The work has been hailed as a huge conceptual leap forward in fundamental biology. “The possibility that cells could be directly reprogrammed is something that people had thought about, but to see it in black and white is still slightly shocking,” said Professor Jack Price, a neurobiologist at King’s College London. “This suggests that there are no great rules — you can reprogramme anything into anything else.”

The finding will address some of the ethical objections of groups who oppose embryonic stem-cell research, in which the embryo is destroyed. And the new process is much quicker than the alternative method, where adult cells are “rewound” to create versatile master cells, known as induced pluripotent stem (iPS) cells.

In the study, published in the journal Nature, skin cells were infected with a genetically modified virus that inserted genes into the cells’ DNA. The researchers began by introducing 19 genes that are known to be switched on when mice stem cells first differentiate into neurons during embryonic development.

Using a mix-and-match approach, the researchers found that of the 19 genes initially tested, only three were truly necessary to get the skin cells to develop into neurons. When these three genes were switched on, 20 per cent of the skin cells had turned into fully functioning neurons in less than a week. The neurons were able to make connections with and signal to other nerve cells — critical functions if the cells are eventually to be used as therapy for Parkinson’s disease or other disorders.

“We were very surprised by both the timing and the efficiency,” said Irving Weissman, a stem cell expert at Stanford University in California, who led the research. "This is much more straightforward than going through iPS cells, and it’s likely to be a very viable alternative.”

In terms of clinical applications, a further advantage of skipping out the intermediate iPS state is that it is known that iPS cells promote cancers. Many researchers believe it would be difficult to obtain a license for the use of cells that are grown from iPS cells.
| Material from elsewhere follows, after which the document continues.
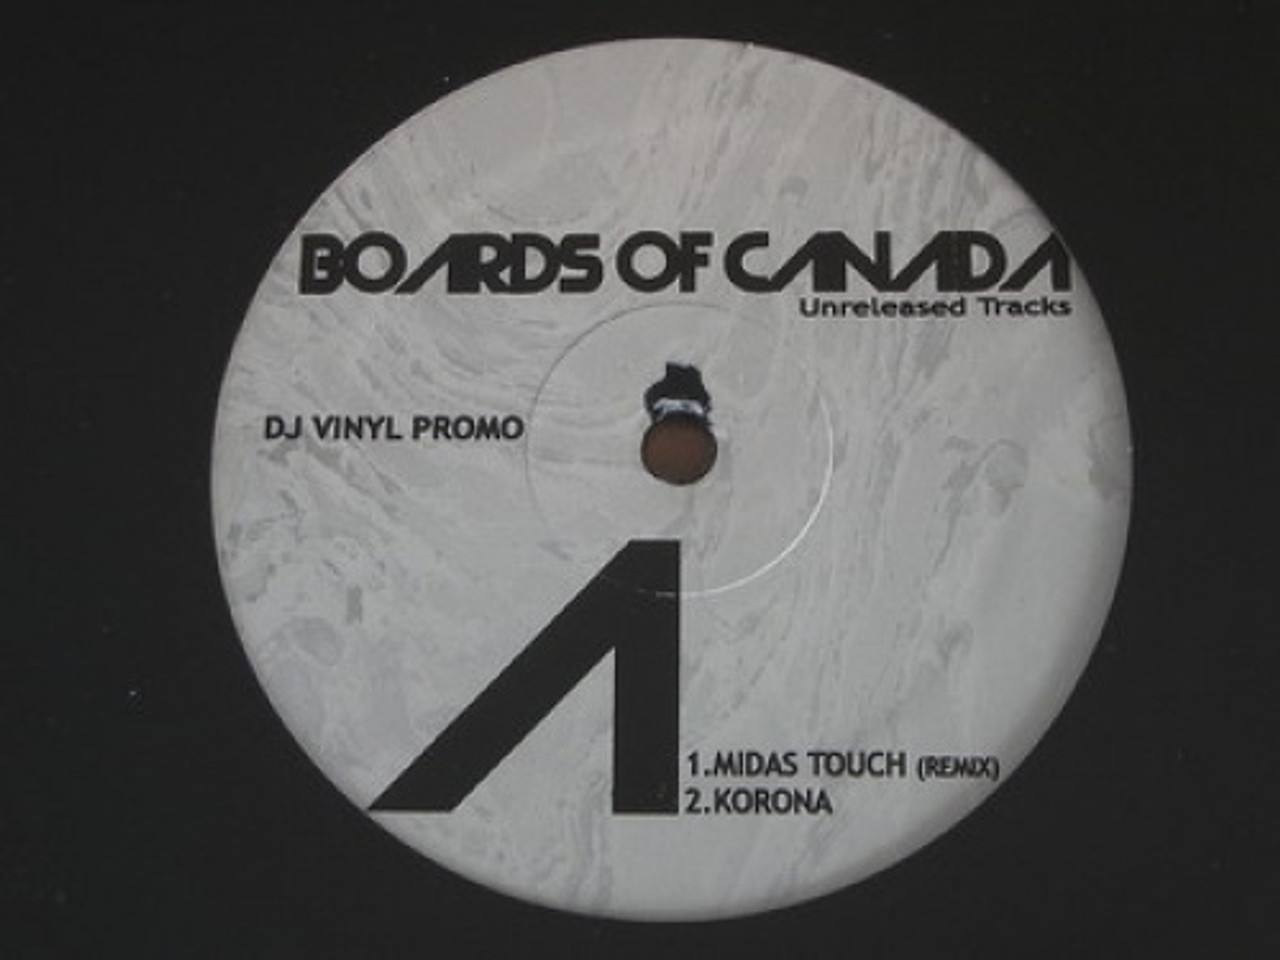 frugter dans eftertænksom Boards Of Canada - Unreleased Tracks - 12" Vinyl - Ear Candy Music
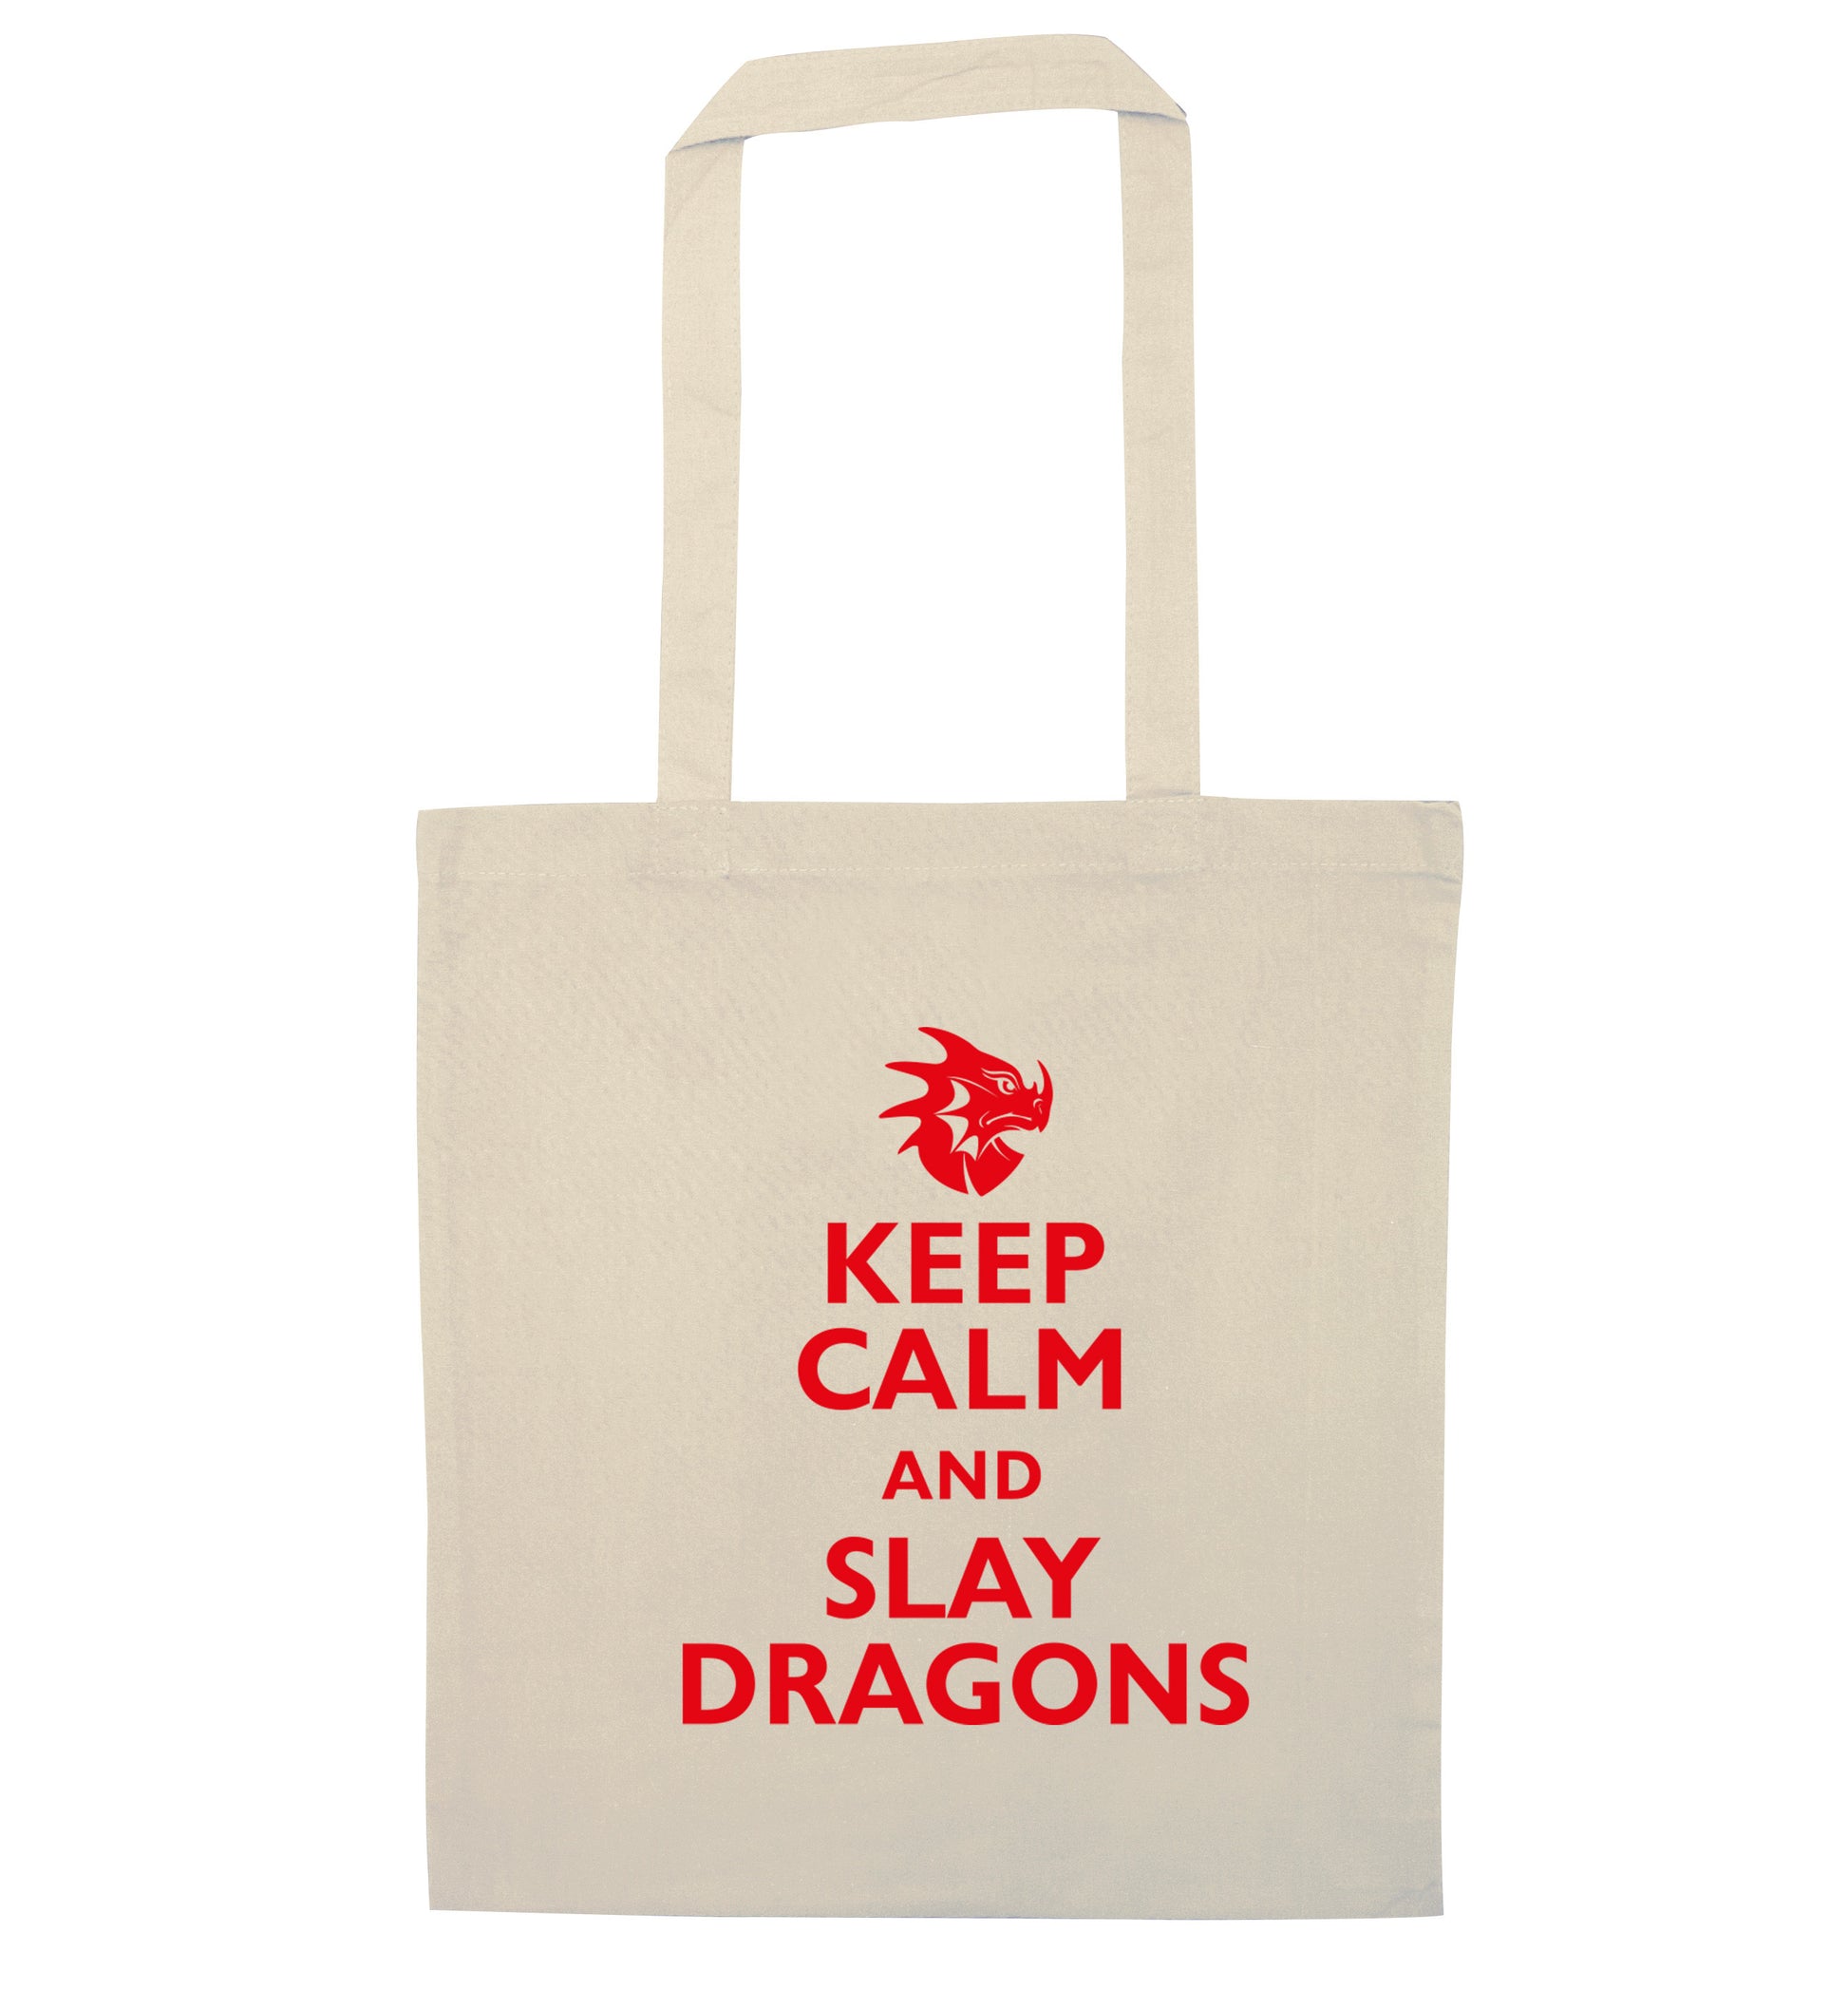 Keep calm and slay dragons natural tote bag

“People have been saying that iPS cells could be used therapeutically in the near future, but frankly they’ve been lying,” said Professor Price. “These cells don’t go through a tumourigenic phase, which means it would be much easier to get a licence to use them.”

The Stanford group are now working to reproduce the finding using human cells, but say that there is no reason to expect it should not apply to most species.

A further question is why, if cells retain an underlying versatility, they don’t switch between cell types throughout our life. One possible explanation is that genes interact via “see-saw” mechanisms, whereby when one set of genes are switched on, they automatically keep other genes switched off unless an artificial intervention is made.